No olvidemos que, como
alguna vez dijo el actor inglés Peter Ustinov, el terror es la guerra de los
pobres y desvalidos. Y que la guerra es el terror de los ricos y poderosos.
Recordémoslo cuando, horrorizados, condenemos el terror.
Carlos Figueroa Ibarra / Especial para Con Nuestra América
Desde Puebla, México
En menos de una semana
hemos visto dos muestras de la barbarie
terrorista. El martes 22 de marzo de 2016, dos atentados terroristas en
Bruselas, en un aeropuerto y una estación de metro, cobraron la vida de 35
personas e hirieron a casi 200 más. Y días después en la ciudad de Lahore en
Pakistán, un grupo talibán efectuó otro
suicida atentado que cobró la vida de 72 personas muertas y más de 350 heridos.
En menos de siete días dos actos de infamia innombrable.
Cuando acontecen hechos
monstruosos como estos, no puedo dejar de preguntarme qué es lo que pasa por la cabeza de una
persona que se pone un chaleco lleno de bombas, va a un lugar público y mira a
la gente que está a su alrededor.

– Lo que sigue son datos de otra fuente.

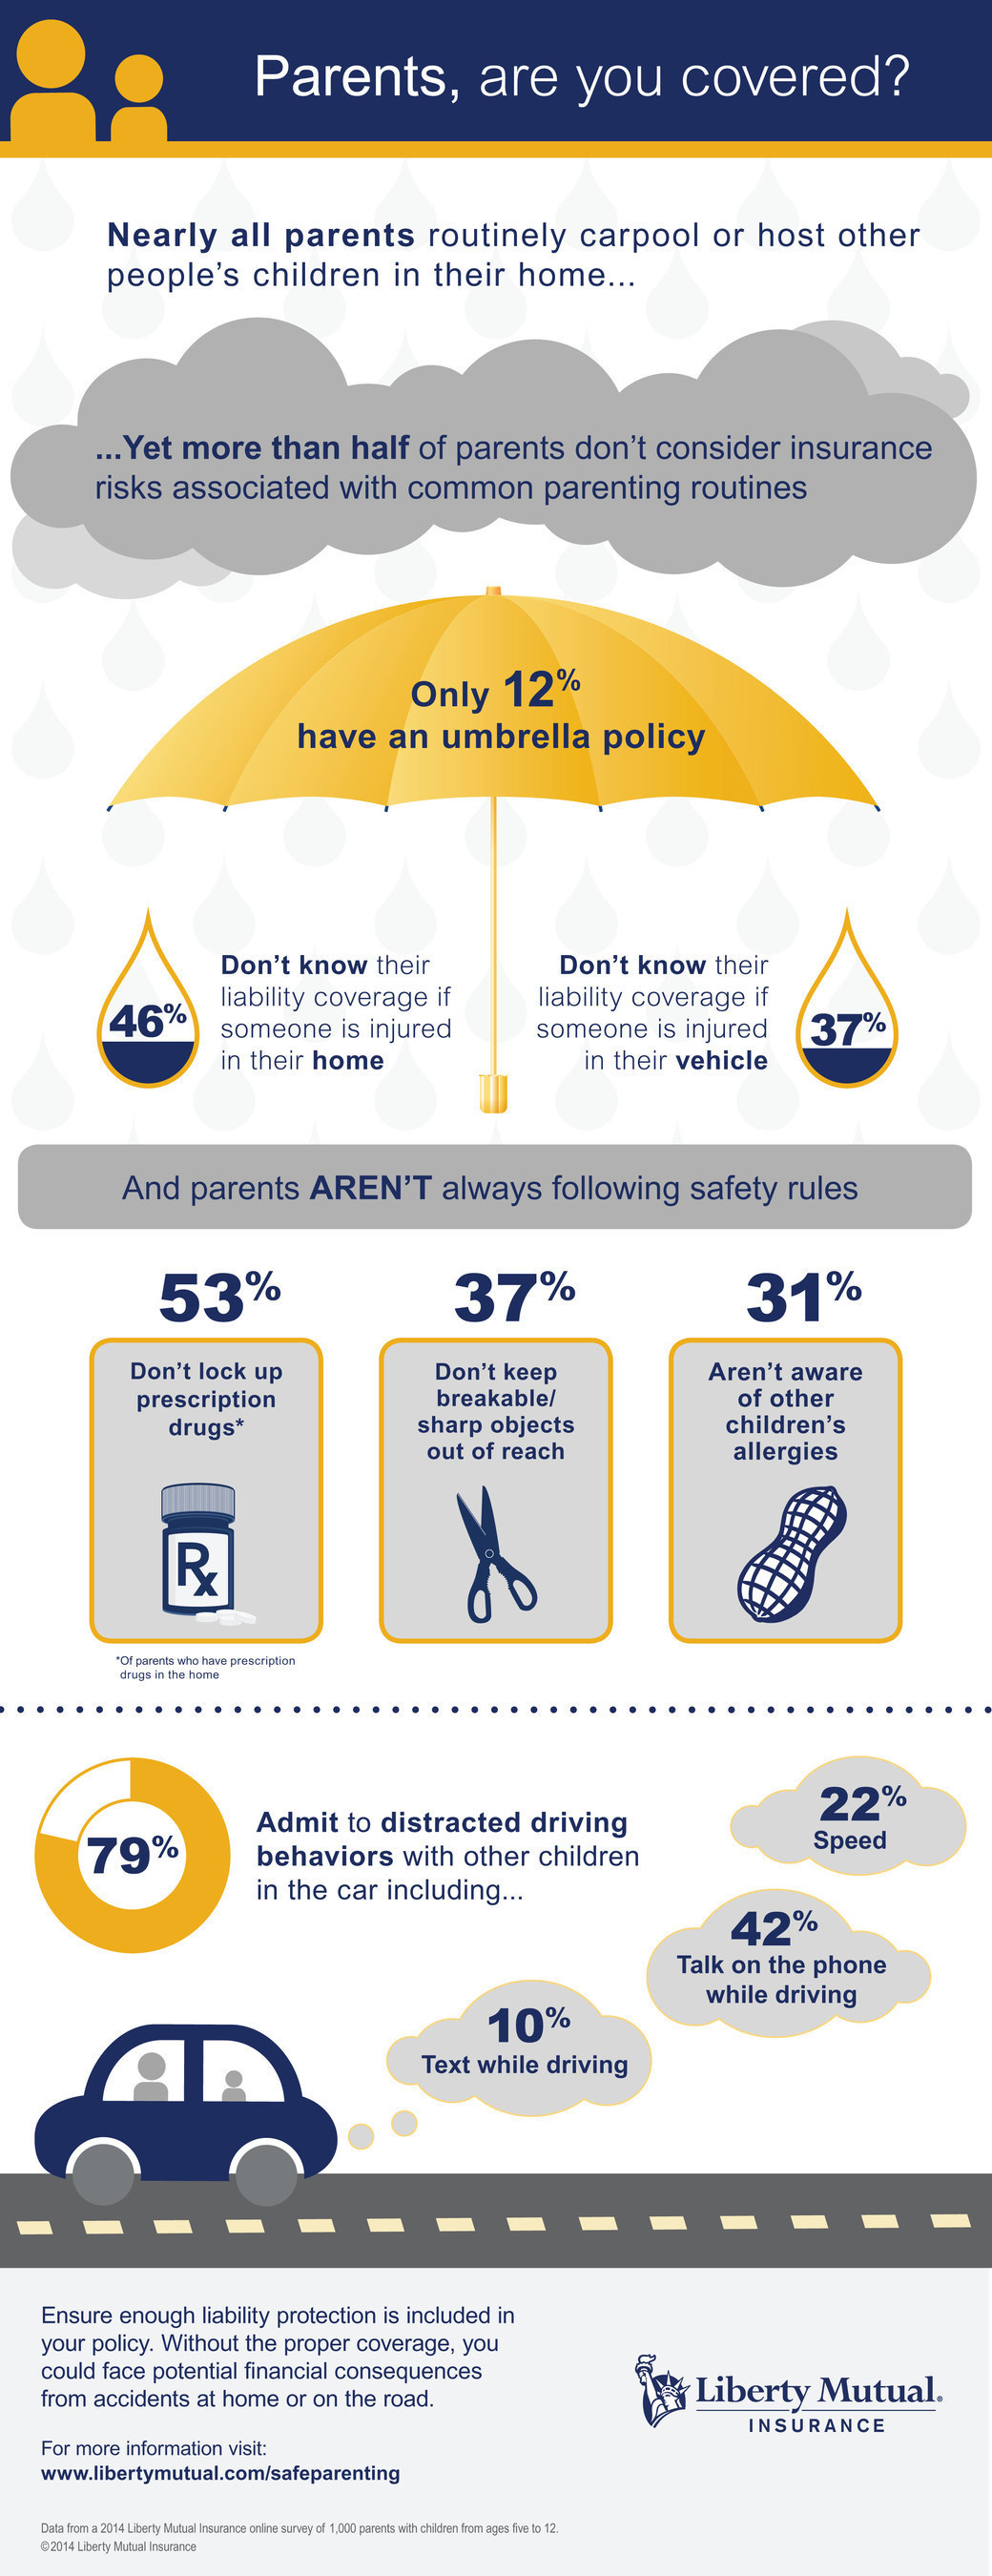 Most parents are unaware of liability insurance needs for their everyday routines, such as hosting play dates or driving carpools, according to a new study by Liberty Mutual Insurance.  Many parents admit to not practicing common home and auto safety measures, yet only 12 percent say they have an umbrella policy to provide excess liability coverage in the event an accident occurs in their home or on the road.  Visit www.libertymutual.com/safeparenting for safety and coverage information.

La
inmensa mayoría de las personas que se encuentran en esos lugares, si no es que
todas, viven sus vidas sin tener involucramiento alguno con los agravios que
llevan al terrorista a cometer su infamia.
El terrorista o la terrorista,
quizás vea muchas de sus caras en los
segundos antes de que también deje de existir como consecuencia de su acto.
Mirará niños corriendo y jugando de
manera inocente como en el parque Gulshan Iqbal de Lahore; parejas agarradas de
la mano disfrutando de la vida sin saber que un segundo más tarde ya nada será igual. Padres e hijos
disfrutando del sol. Viajeros parados frente a sus maletas mientras hacen filas
para los trámites necesarios para abordar un avión.
La subjetividad del
terrorista no le compete a él solamente. Tiene que ver probablemente con una
vida llena de resentimientos provocados por los agravios que ha vivido, y que generalmente son producto de
injusticias que conciernen a muchos de sus congéneres. Alguna vez tuve
oportunidad de ver en un documental la
vida cotidiana de los palestinos en los territorios de Gaza y Cisjordania.
Siempre me han parecido estos
territorios gigantescos campos de concentración en los que la población vive en
medio de hambre y privaciones. Las posibilidades del odio son enormes cuando se
vive en tales circunstancias. Y más si de cuando en cuando sufre los ataques
terroristas que comete el estado israelí con los bombardeos en donde mueren en su mayoría
personas civiles. El terrorista vive una biografía que alimenta una ira
personal que es reproducida colectivamente. No necesariamente se trata de
condiciones de vida execrables en territorios ocupados. Basta como ahora
estamos viendo que viva en suburbios de las ciudades europeas en condiciones de
racismo y marginalidad. La base material de la existencia se ve complementada
con una dosis de creencias enraizadas en el fanatismo. En la creencia de una
recompensa después de la muerte, en la gloria eterna con que se paga el
sacrificio máximo por una causa.
No olvidemos que, como
alguna vez dijo el actor inglés Peter Ustinov, el terror es la guerra de los
pobres y desvalidos. Y que la guerra es el terror de los ricos y poderosos.
Recordémoslo cuando, horrorizados, condenemos el terror.